PrestoDB on AWS
What is PrestoDB on AWS?
Tip: If you are looking to better understand PrestoDB on AWS then check out the free, downloadable ebook, Learning and Operating Presto. This ebook will breakdown what Presto is, how it started, and best use cases.
To tackle this common question, what is PrestoDB on AWS, let’s first define Presto. PrestoDB is an open-source distributed SQL query engine for running interactive analytic queries against all types of data sources. Presto was originally developed by Facebook and later donated to the Linux Foundation’s Presto Foundation. It was designed and written from the ground up for interactive analytics and approaches the speed of commercial data warehouses while scaling to the size of organizations like Facebook.

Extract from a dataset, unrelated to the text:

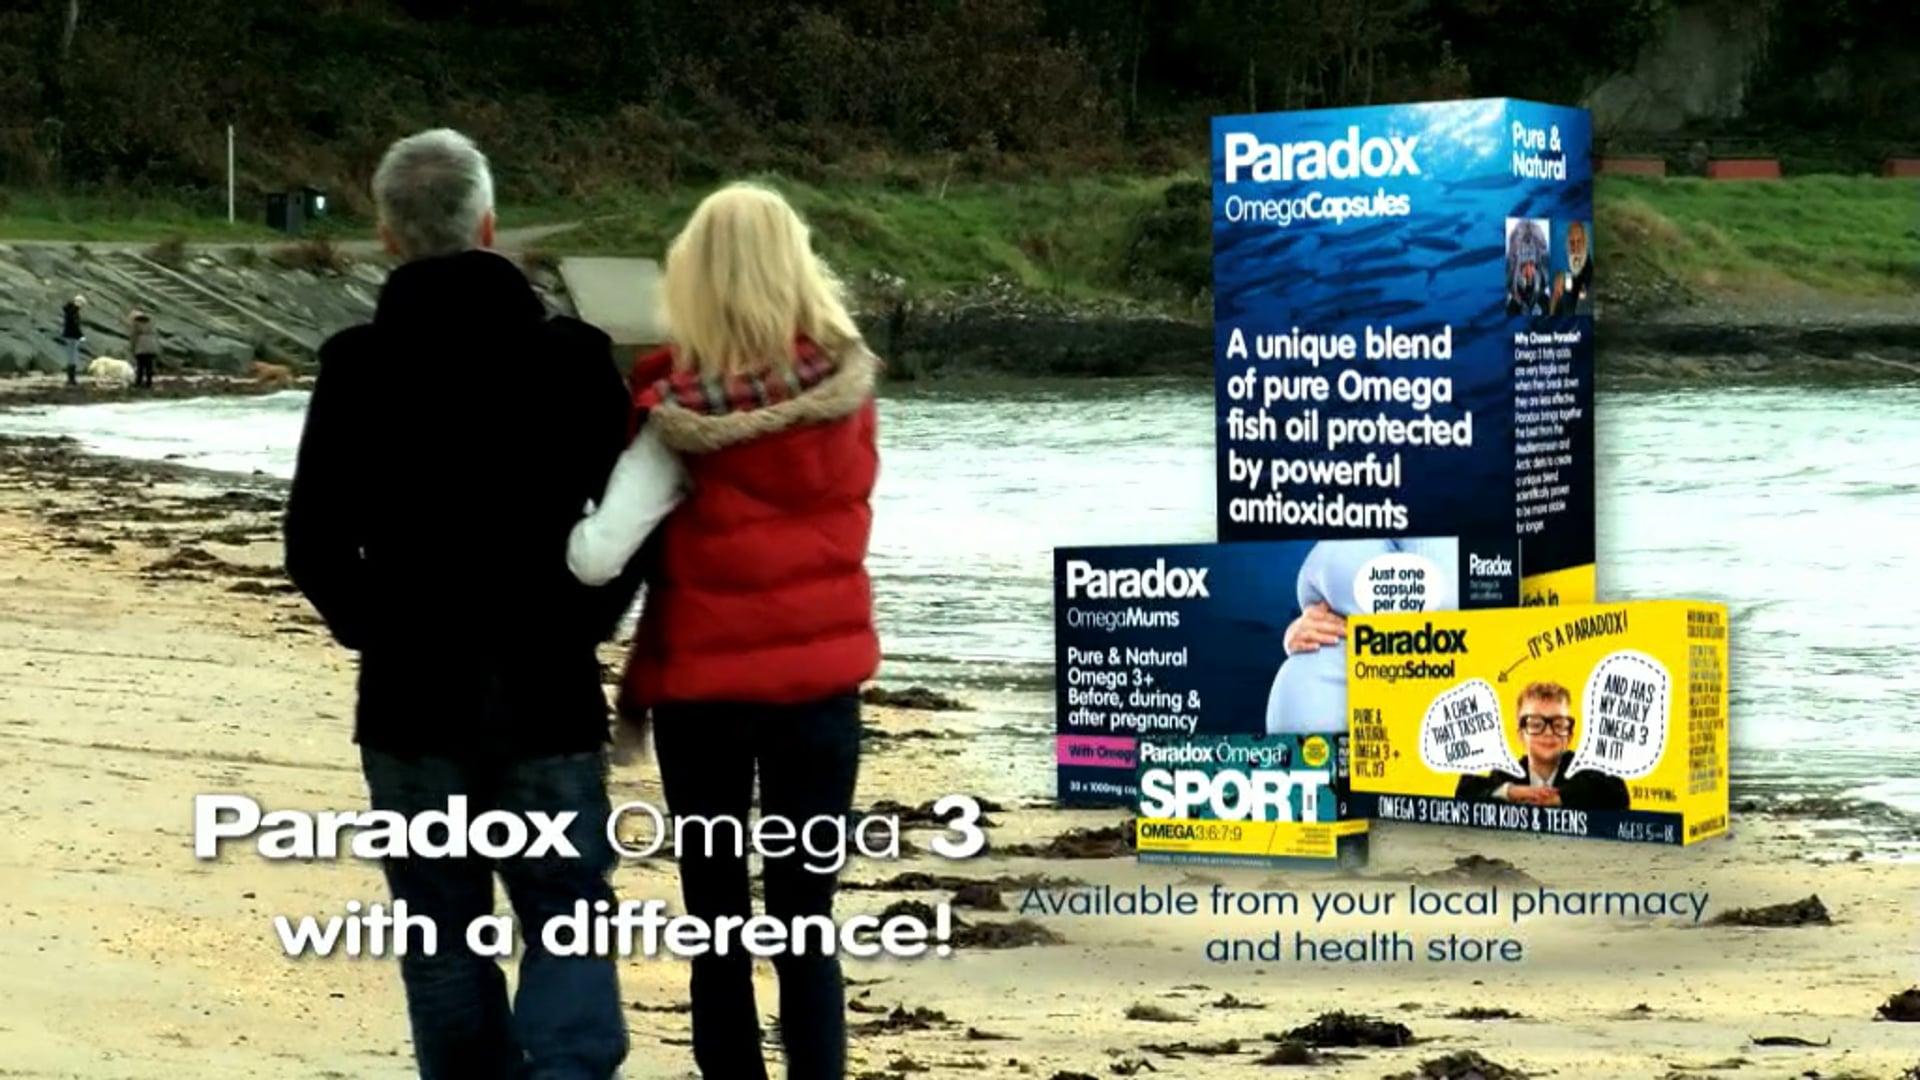 Paradox Omega Oil TV AD

Presto enables self-service ad-hoc analytics for its users on large amounts of data. With Presto, you can query data where it lives. This is including Hive, Amazon S3, Hadoop, Cassandra, relational databases, NoSQL databases, or even proprietary data stores. A single Presto query can combine data from multiple sources, allowing for analytics across your entire organization.
AWS and Presto is a powerful combination. If you want to run PrestoDB on AWS it’s easy to spin up a managed Presto cluster. This can be done either through the Amazon Management Console, the AWS CLI, or the Amazon EMR API. It is not too difficult to run AWS Presto CLI EMR.

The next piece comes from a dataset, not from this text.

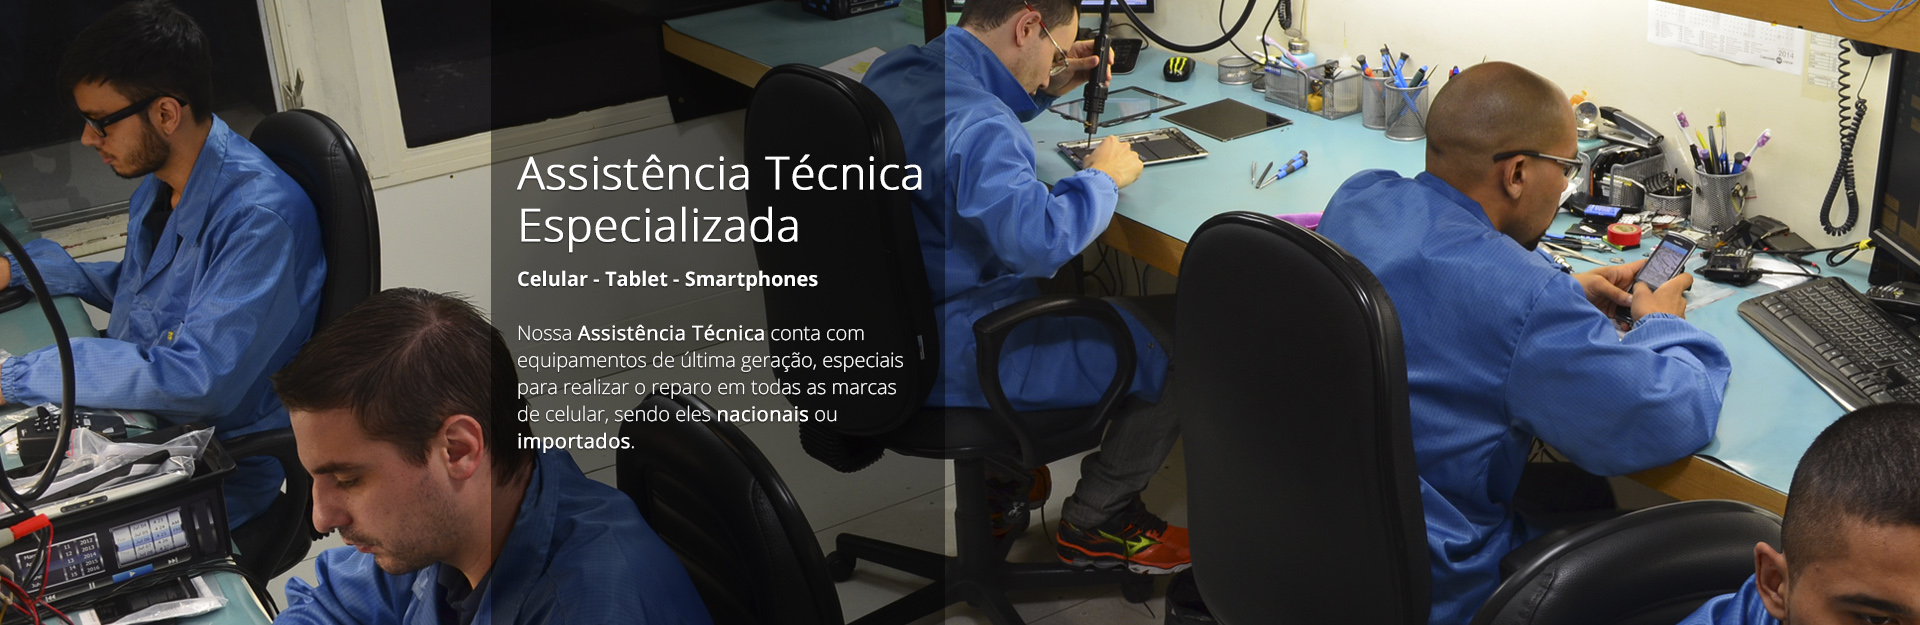 banner_assistencia

You can also give Ahana Cloud a try. Ahana is a managed service for Presto that takes care of the devops for you and provides everything you need to build your SQL Data Lakehouse using Presto.

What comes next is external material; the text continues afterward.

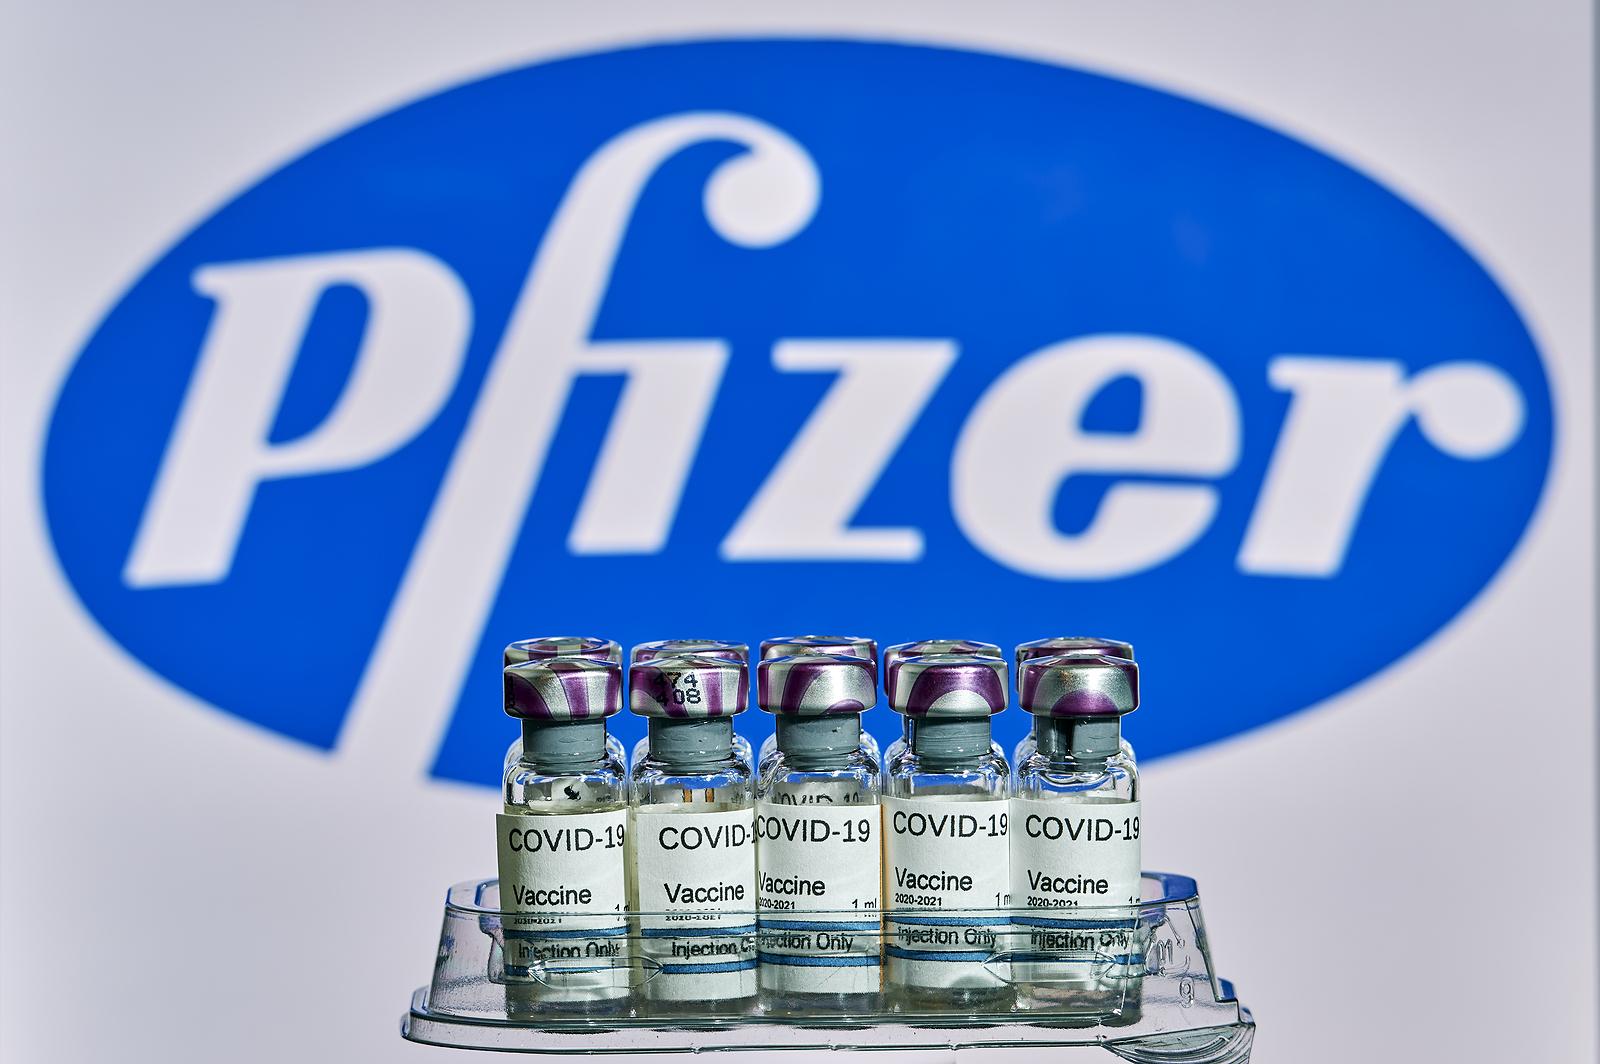 Pfizer vaccine for Covid-19

Running Presto on AWS gives you the flexibility, scalability, performance, and cost-effective features of the cloud while allowing you to take advantage of Presto’s distributed query engine.
How does PrestoDB on AWS Work?
This is another very common question. The quickest answer is that PrestoDB is the compute engine on top of the data storage of your SQL Data Lakehouse. In this case, the storage is AWS S3. See the image below for an overview.
There are some AWS services that work with PrestoDB on AWS, like Amazon EMR and Amazon Athena. Amazon EMR and Amazon Athena are the best Amazon services to deploy Presto in the cloud. They are managed services that do the integration, testing, setup, configuration, and cluster tuning for you. Amazon Athena Presto and EMR are widely used, but both come with some challenges, such as price performance and cost.
There are some differences when it comes to EMR Presto vs Athena. AWS EMR enables you to provision as many compute instances as you want, and within minutes. Amazon Athena lets you deploy Presto using the AWS Serverless platform, with no servers, virtual machines, or clusters to setup, manage, or tune.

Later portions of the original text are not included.